Тогда он, дурак, не понял, куда Фрадкин клонит. Тогда поверил, что Арону у Фрадкина будет лучше. Фрадкин устроит куда-нибудь, определит…

Он и устроил и определил!

— Рабби Ури, где мой Арон?.. Помните — бегал такой в картузе? — спросил Рахмиэл, когда через год вернулся.

— В рекруты сдан, — ответил рабби Ури.

— Фрадкин?

Рабби Ури молчал. Сидел на своем облаке и молчал.

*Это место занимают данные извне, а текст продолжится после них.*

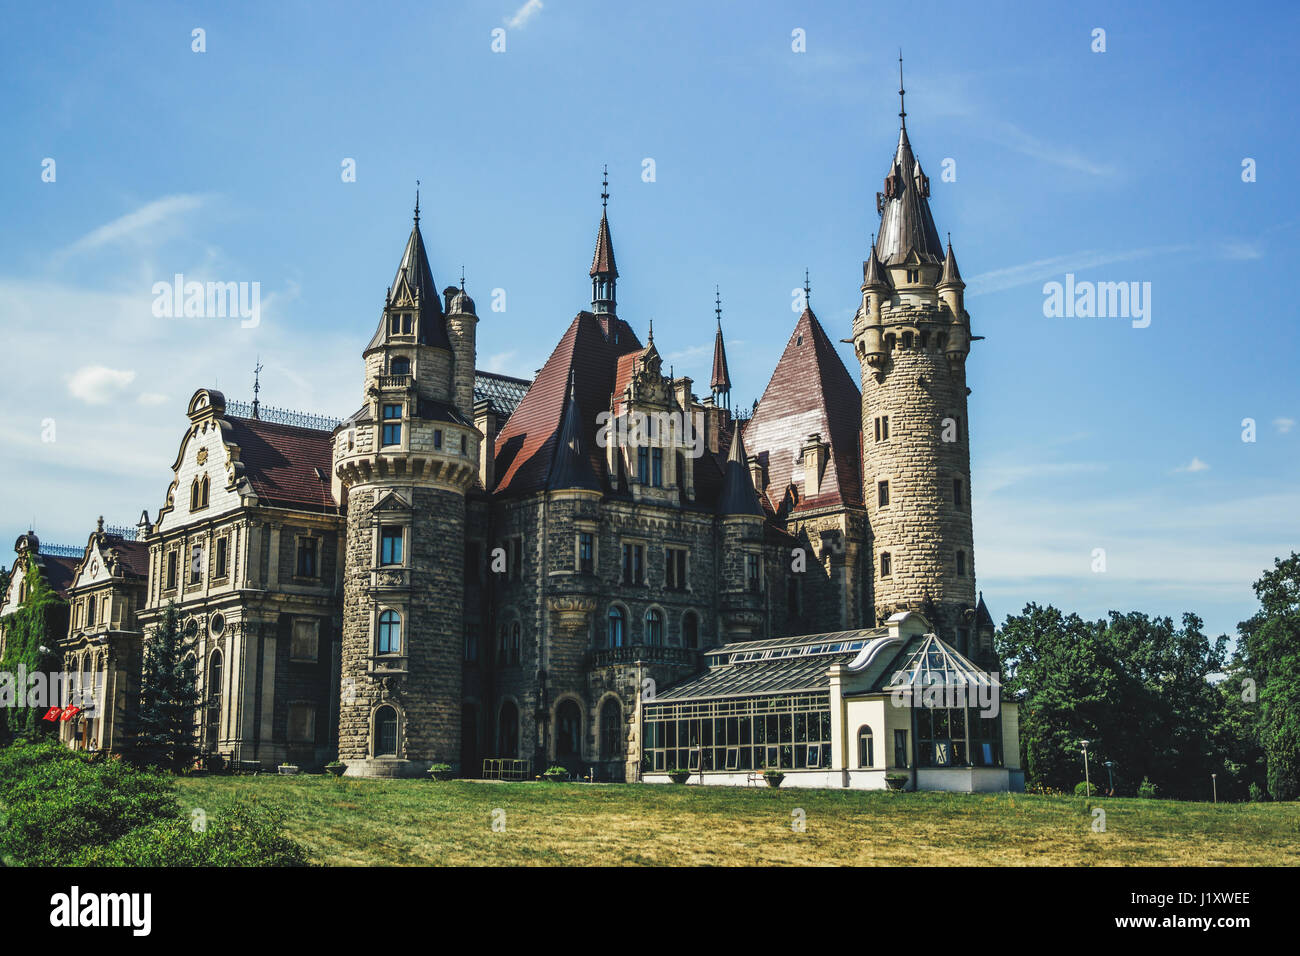 Moszna castle in Poland during the summer, side view of the palace with many towers. Stock Photo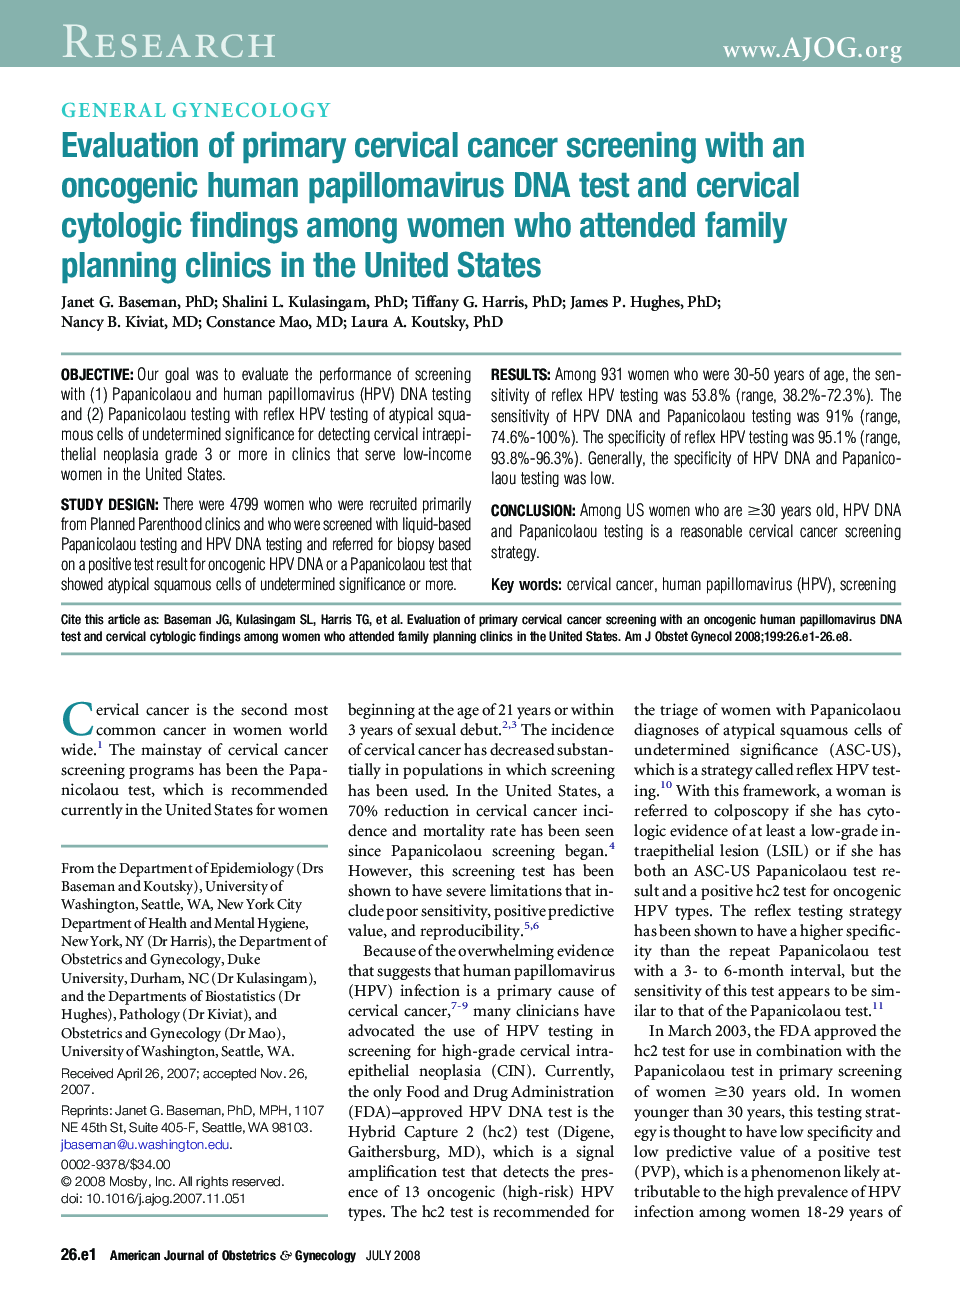 Evaluation of primary cervical cancer screening with an oncogenic human papillomavirus DNA test and cervical cytologic findings among women who attended family planning clinics in the United States

— Фрадкин сдал его вместо своего Зелика?

— Никогда не вини других, — сказал рабби Ури, и изо рта его на Рахмиэла повеяло небесной стужей. — Давай лучше подумаем, в чем мы сами виноваты.

— А в чем я, ребе, виноват? В том, что я Рахмиэл, а не Маркус Фрадкин? В том, что не урядник?

…Рахмиэл тыкал иголкой в сермягу, и с каждым тычком у него в голове что-то вспыхивало, угасало и снова вспыхивало. Нет на свете ничего удушливее, чем мысли, думал он. От духоты хоть тень спасает. А какой тенью спастись от мыслей? Зачем рабби Ури зазвал его к себе — только ли за тем, чтобы с ним чайку попить? Какой он, Рахмиэл, собеседник? Рабби Ури зря в стакан сахару не положит. Не потому, что скуп, а потому, что привык, чтобы с ним не сладость делили, а горечь. Интересно знать, что это за посланец бога, о котором он допытывался, а потом перевел разговор на Арона, которого он, Рахмиэл, упрямо называл не пасынком, а сыном. А колотушка? С чего это такой праведный и такой благочестивый муж, как рабби Ури, вдруг у себя дома, среди ночи, станет стучать колотушкой? Что-то здесь не так.

Рахмиэл и не заметил, как в раскрытую дверь вошел человек в ермолке, приколотой булавкой к волосам, как постоял, огляделся и, не спеша, как бы просеивая увиденное, направился к столу.

— Здравствуй, — сказал человек в ермолке, и Рахмиэл вздрогнул. Еще бы! Он не помнит такого случая, чтобы кто-нибудь здоровался с ним. В местечке вообще не очень принято здороваться. Скажешь: «Добрый день», а день совсем недобрый, спину ломит, дышать нечем, и на душе, как на опустевшей рыночной площади, один помет.

— Здравствуй, — ответил Рахмиэл и оглядел человека в ермолке с ног до головы. Не о нем ли говорил рабби Ури, когда они оба прихлебывали круто заваренный чай?

— Ты шей, шей! — не глядя на Рахмиэла, тихо произнес пришелец. — Я только напиться зашел… Где у тебя вода?

— В ведре, — выдохнул Рахмиэл и оторвал от сермяги иголку.

— Ты шей, шей, — снова сказал человек в ермолке и так же неспешно, как вошел, направился в прихожую.

Пока он туда ходил, Рахмиэл затянул сползающие подштанники пожелтевшей тесемкой и на всякий случай прикрыл шапчонкой вспотевшую голову.

— Вода зацвела. Пойду к реке и принесу свежую.

Пришелец стоял перед Рахмиэлом с ведром в руке, и старик еще больше растерялся.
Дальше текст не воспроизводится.